Now, let's look at the relationship between SAT scores and expenditure per pupil from the SAT data frame. First, let's create a scatterplot.

ggplot(SAT, aes(expend, sat)) + geom_point() + labs(title = "SAT Scores by Expenditure Per Pupil", x = "expend", y = "sat") 

plot of chunk unnamed-chunk-12

It appears that there is a negative relationship between the two variables. We can add a standard curve to see summarize this relationship.

ggplot(SAT, aes(expend, sat)) + geom_point() + labs(title = "SAT Scores by Expenditure Per Pupil", x = "expend", y = "sat") + stat_smooth(method = "lm", se=FALSE)                                                                                                                          

plot of chunk unnamed-chunk-13

The downward-sloping standard curve confirms our initial statement about the relationship between the two variables. We create a linear model, called model2, and use the regressionAnalysis() function to summarize the model.

model2 = lm(sat ~ expend, data = SAT)
regressionAnalysis(model2)
## $Model.Values
##       terms coefficients p.values
## 1 Intercept      1089.29    0.000
## 2    expend       -20.89    0.006
## 
## $R.Squared
## [1] 0.145
## 
## $Equation
## [1] "The equation of the linear model is: sat = 1089.2937 + -20.8922 * expend"

According to the regressionAnalysis() output, the standard curve's equation is:

sat = 1089.29 - 20.89expend

This equation tells us that on average, a one-dollar increase in expenditure per pupil decreases SAT scores by 20.89 points (Note: 'expend' is in thousands of US dollars). SAT scores are 1089 on average when expenditure per pupil is zero (again, we can ignore this figure because it is nonsensical).

Model2's R2 value is 0.145, meaning expenditure per pupil explains only 14% of the variability in SAT values. Hence, simply creating a standard curve does not necessarily imply there is a relationship between the two variables!

Error Bars

It is also important to remember that standard curves are only estimates. Using model2 from above, we can re-plot the standard curve taking into account the standard deviations:

ggplot(SAT, aes(expend, sat)) + geom_point() + labs(title = "SAT Scores by Expenditure Per Pupil (With Standard Deviations)", x = "expend", y = "sat") + stat_smooth(method = "lm", se=TRUE)

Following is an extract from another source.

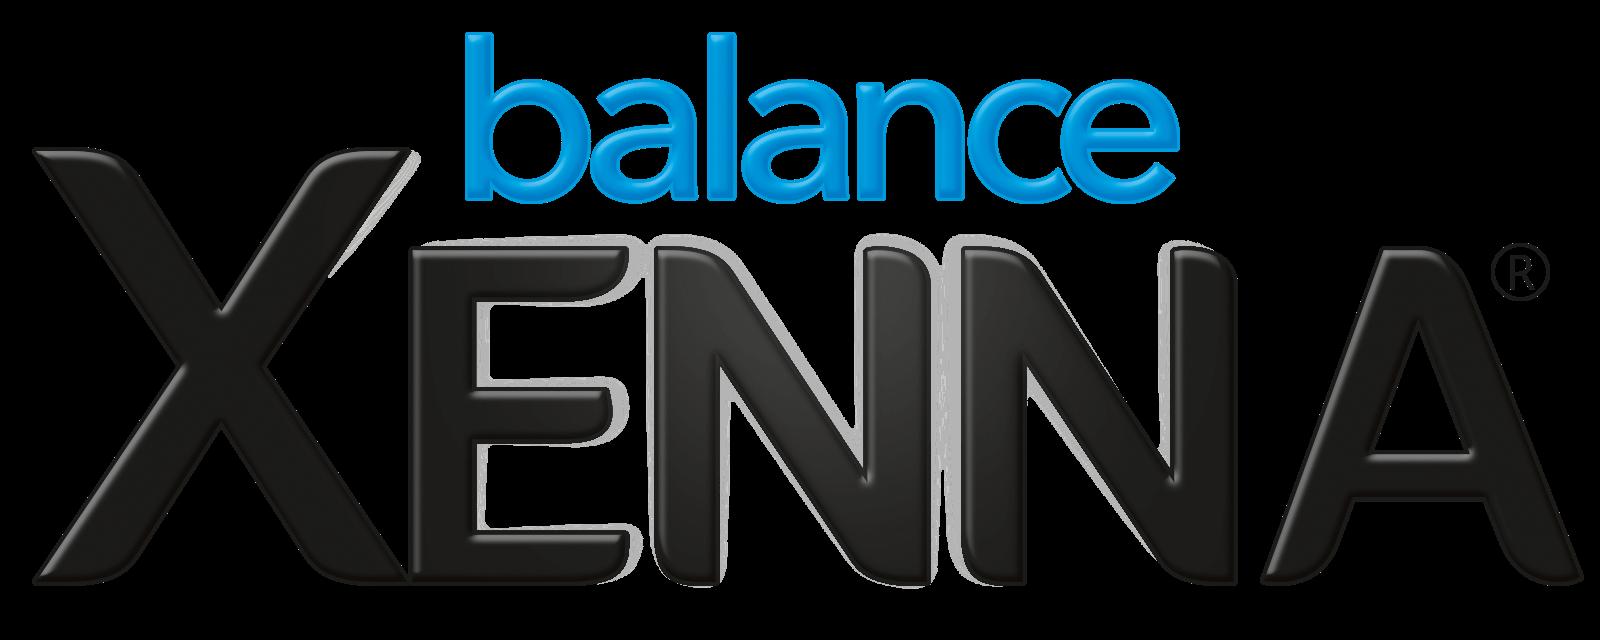 Logo XENNA balance
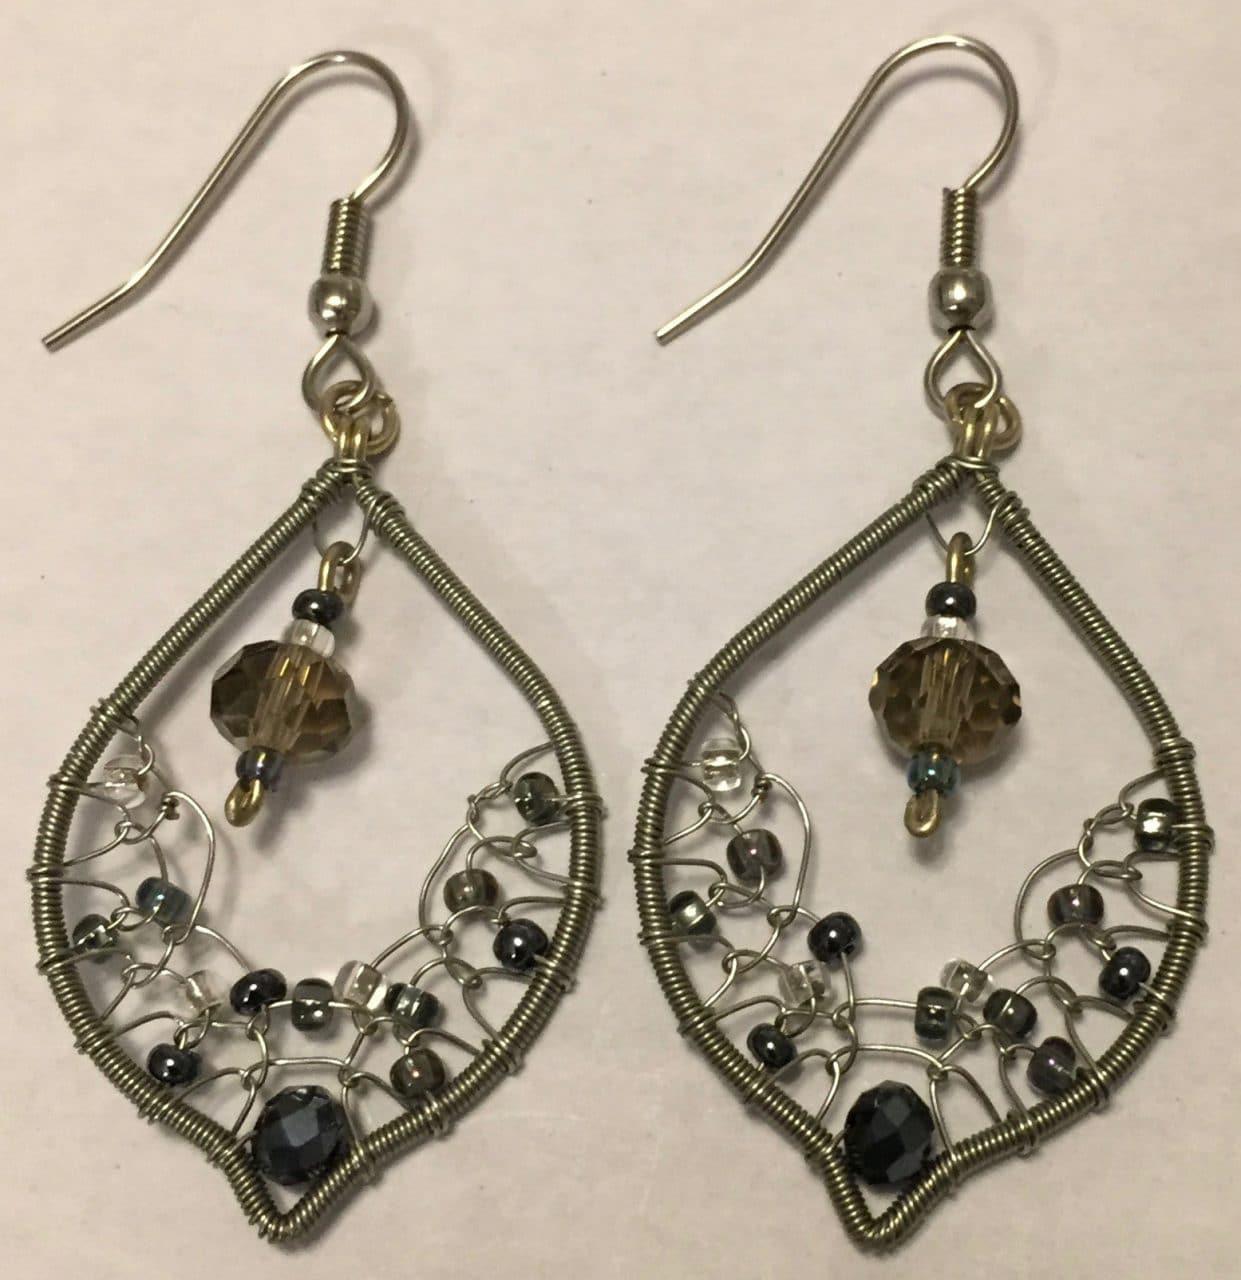 Arabian Nights Earrings - Grays

plot of chunk unnamed-chunk-15

At this point, you do not need to know the mathematical calculation for the size of these error bars. Just remember that when making an estimation using a standard curve, the predictions can fall anywhere inside the shaded region at the desired value!

Module Recap

The process of creating scatterplots, drawing standard curves, finding their equations, and checking their R2 values is called regression analysis. Regression analysis derives linear equations between variables of interest. It allows us to predict the value of the response variable based on the value of the explanatory variable using a standard curve. It also provides us with an R2 value, which is used to measure the usefulness of standard curves.